Выбель — в словаре Даля: выцветающая гниль, плесень.
«Сторона ль ты моя, сторона!..» (с. 159). — Нак., 1922, 21 мая, № 46 (Лит. прил. № 4); Грж.; Ст. ск.; Кр. нива, 1923, № 41, 14 октября, с. 19; М. каб.; Ст24.
Печатается по наб. экз. (вырезка из Грж.).
Автограф — РГАЛИ, с пометой Г.А.Бениславской <?> «Осень 1921 г.». Датируется по наб. экз., где помечено 1921 г.

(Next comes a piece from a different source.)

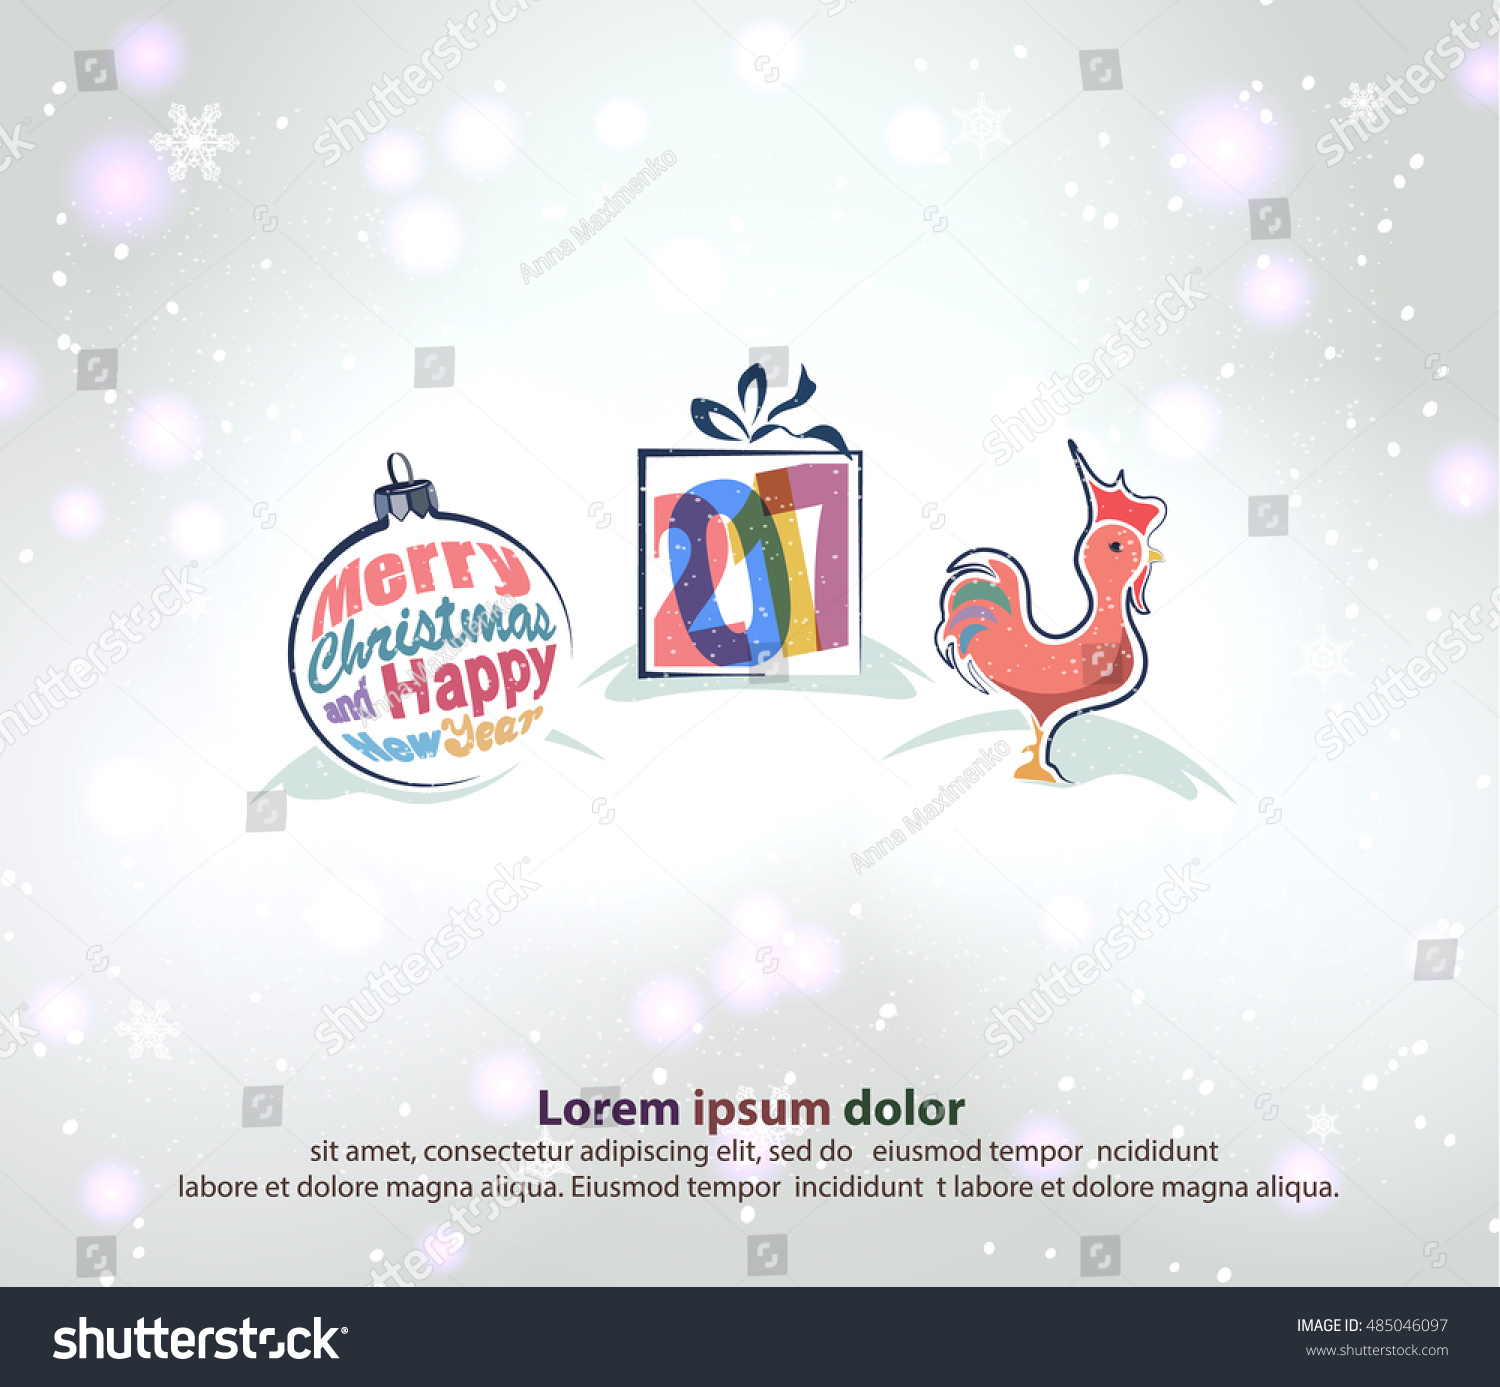 Merry Christmas and Happy New Year border in a shape of three main symbols such as

Об одной из особенностей метрики Есенина на примере этого стихотворения писал В.А.Красильников. Он говорил, что Есенин прибегал преимущественно к традиционным литературным приемам и формам, но в их выборе и использовании был «суровым мастером». «Но самоограничивающийся суровый мастер оказался притом еще и великим мастером, большим поэтом. В пределах до конца данной формы он нашел неиспользованные вариации, зазвучавшие в стихах с необыкновенной силой. В качестве доказательства здесь достаточно сказать хотя бы только об употреблении цезуры, которая ставится в обычном (3-стопный анапест) метре Есенина обязательно. Но так как его цезура переменная — двигается в пределах первой и второй стопы, то строчки одного и того же анапеста интонационно совершенно различны („Мир таинственный,//мир мой древний“ и „Сторона ль//ты моя, сторона“). Так же разнообразно представлена в стихе поэта классическая рифма и звукопись» (ПиР, 1925, № 7, октябрь-ноябрь, с. 125).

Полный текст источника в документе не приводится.